Bulman S, Drayton GM, Cameron PJ, Teulon DAJ, Walker GP (2021). Endemic New Zealand aphids (Hemiptera: Aphididae) parasitised by native Aphidiinae (Hymenoptera: Braconidae), not biological control parasitoids. Austral Entomology 60(4): 713-721 https://doi.org/10.1111/aen.12564

Cameron PJ, Hill RL, Bain J, Thomas WP (1989). A Review of Biological Control of Invertebrate Pests and Weeds in New Zealand 1874-1987. Technical Communication No 10. CAB International Institute of Biological Control. DSIR Entomology Division. 424p.

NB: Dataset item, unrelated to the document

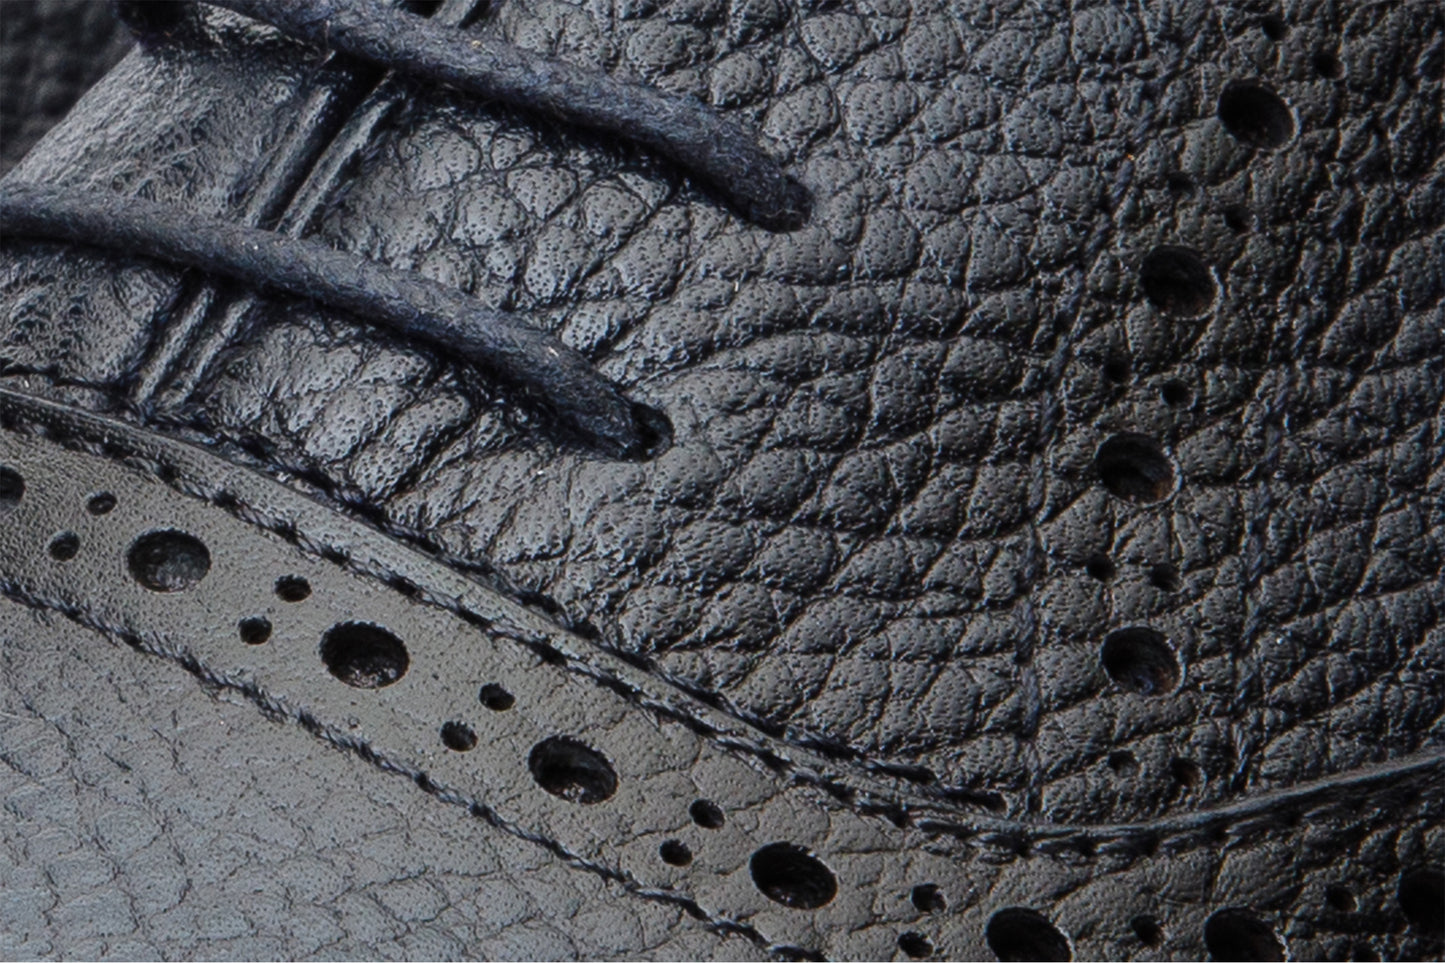 The Draco Handmade Navy Blue Semi Brogue Oxford Men Shoe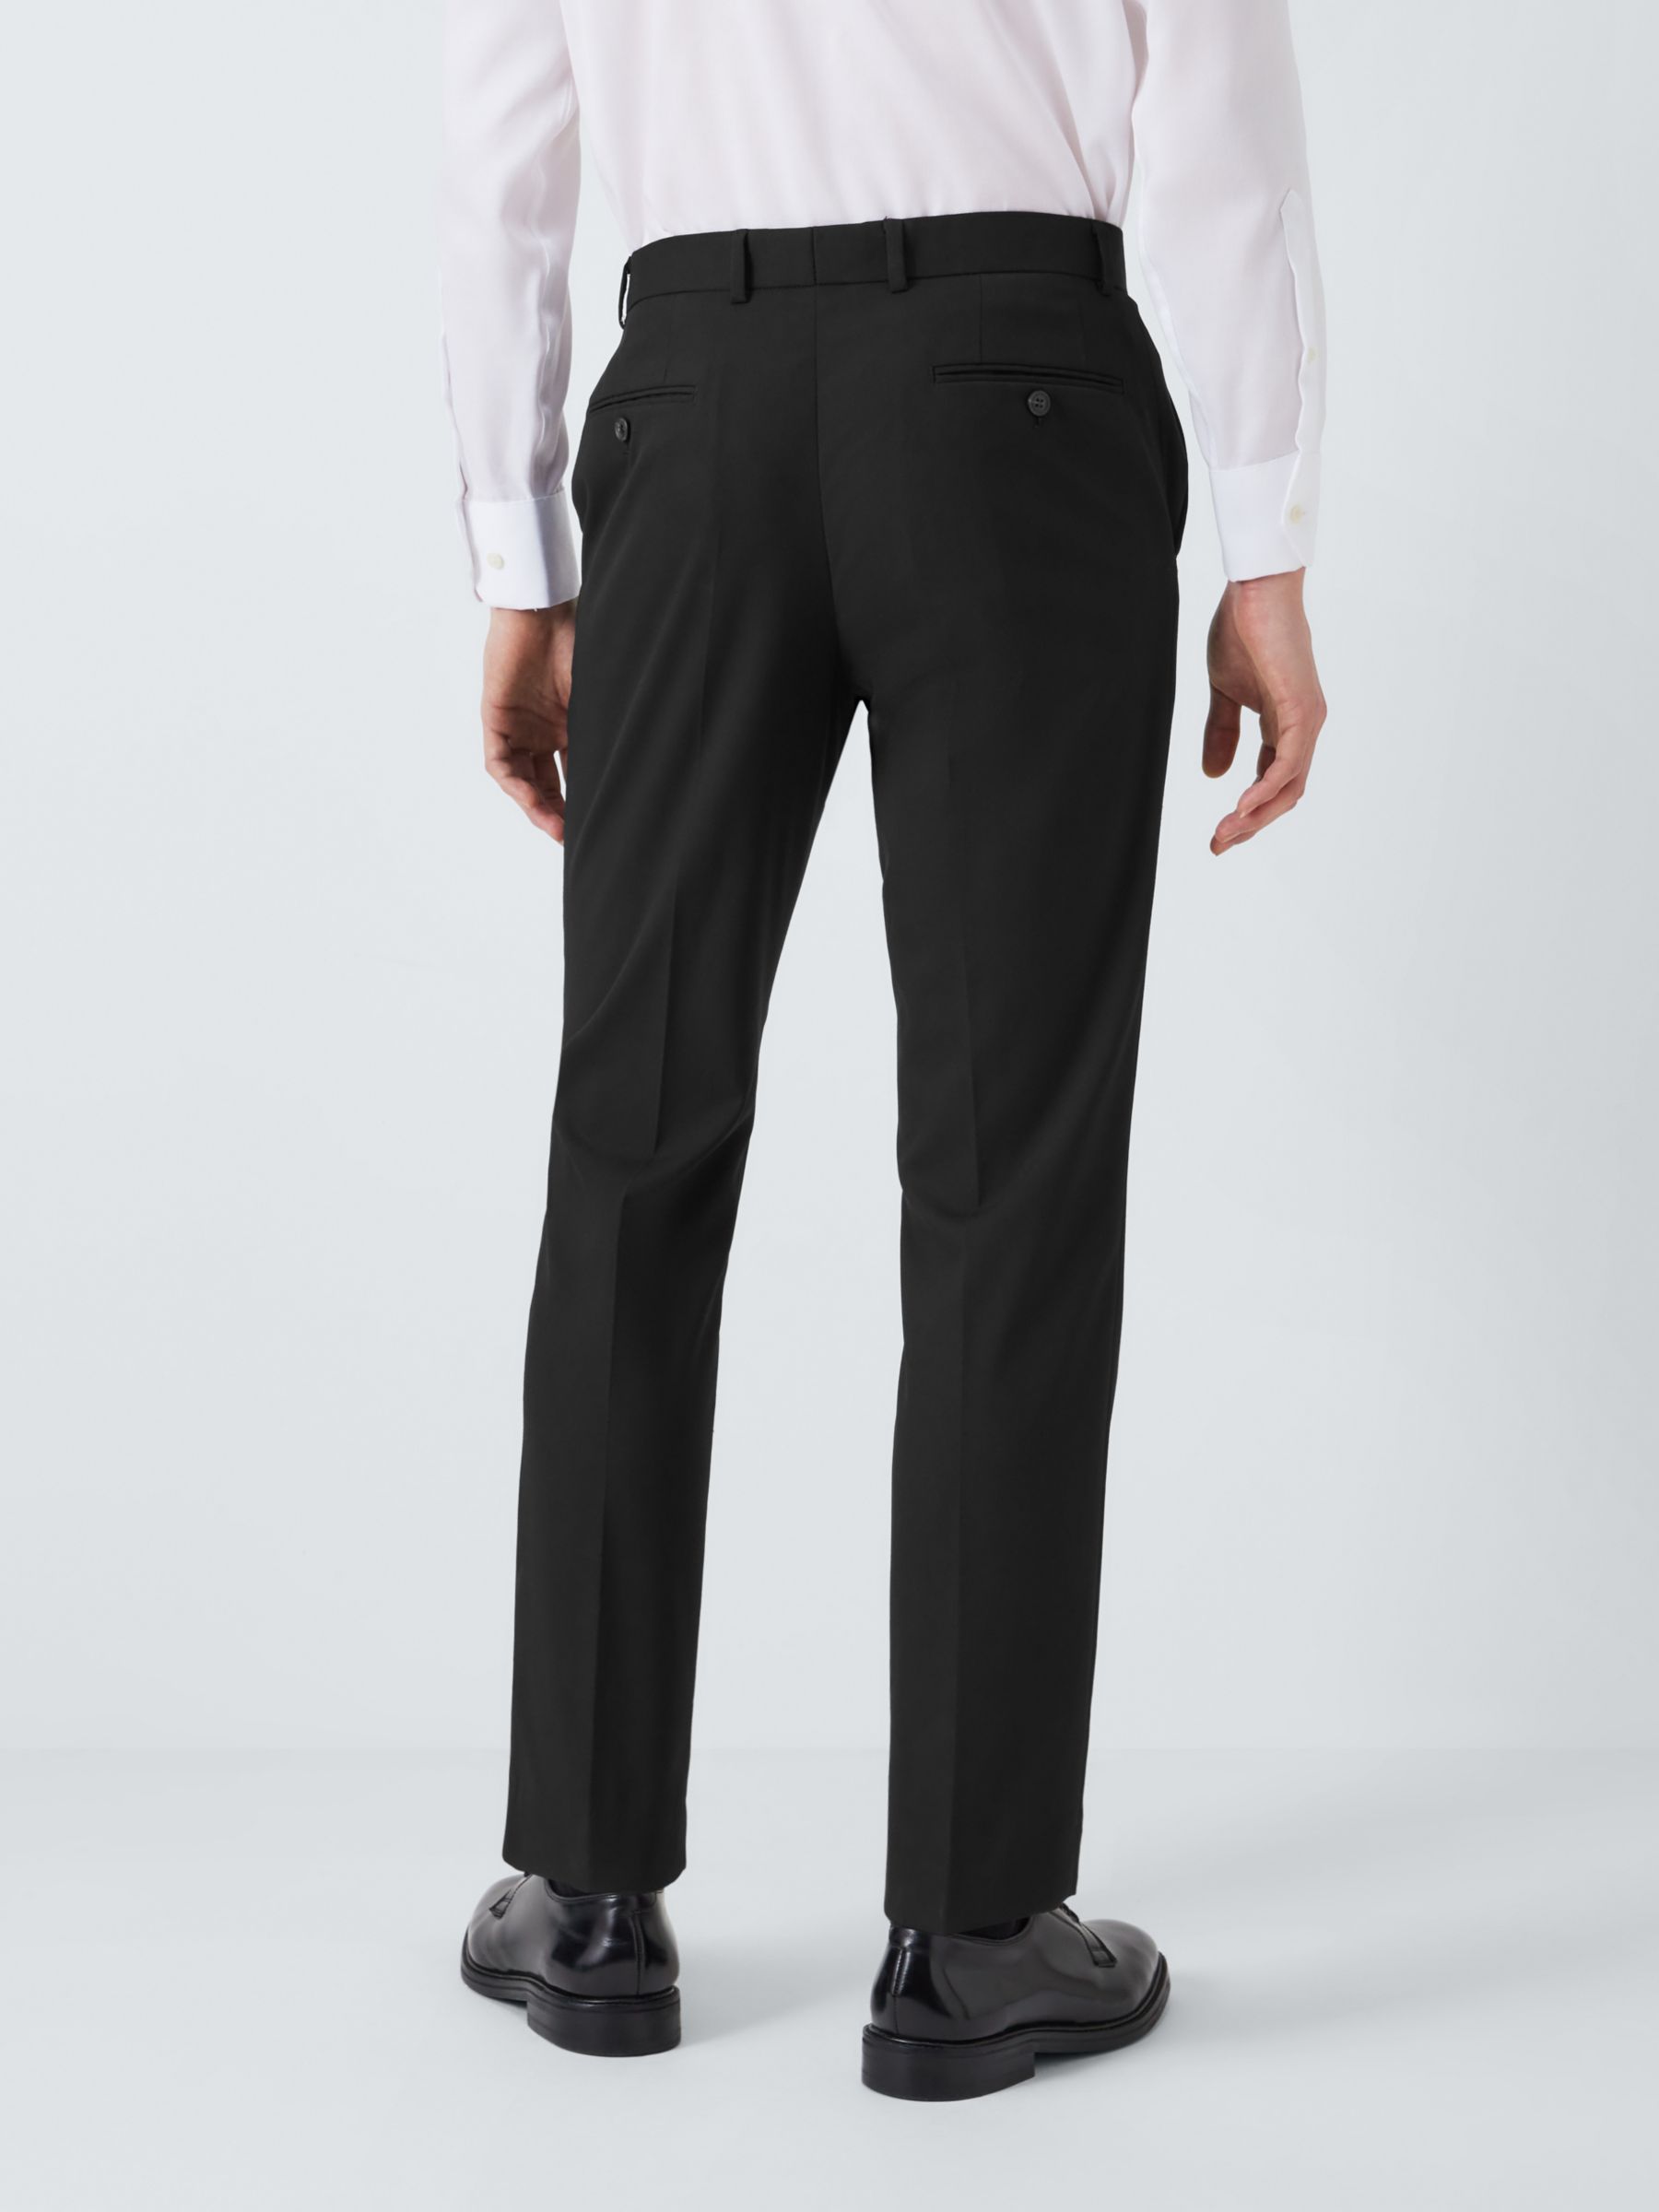 Men's Black, Flat Front, Comfort-Waist Tuxedo Pants with Satin

Cameron PJ, Hill RL, Bain J, Thomas WP (1993). Analysis of importations for biological control of insect pests and weeds in New Zealand. Biocontrol Science and Technology 3(4): 387-404

Rogers DJ, Lo PL and Walker JTS (2015). Vulnerability of pest management in New Zealand apples: pesticide toxicity to Aphelinus mali (Hymenoptera: Encyrtidae) New Zealand Plant Protection 68: 299-305

Tillyard RJ (1923). History of the introduction of beneficial insects into New Zealand. Proceedings of the Pan-Pacific Science Congress, Australia, 383-390.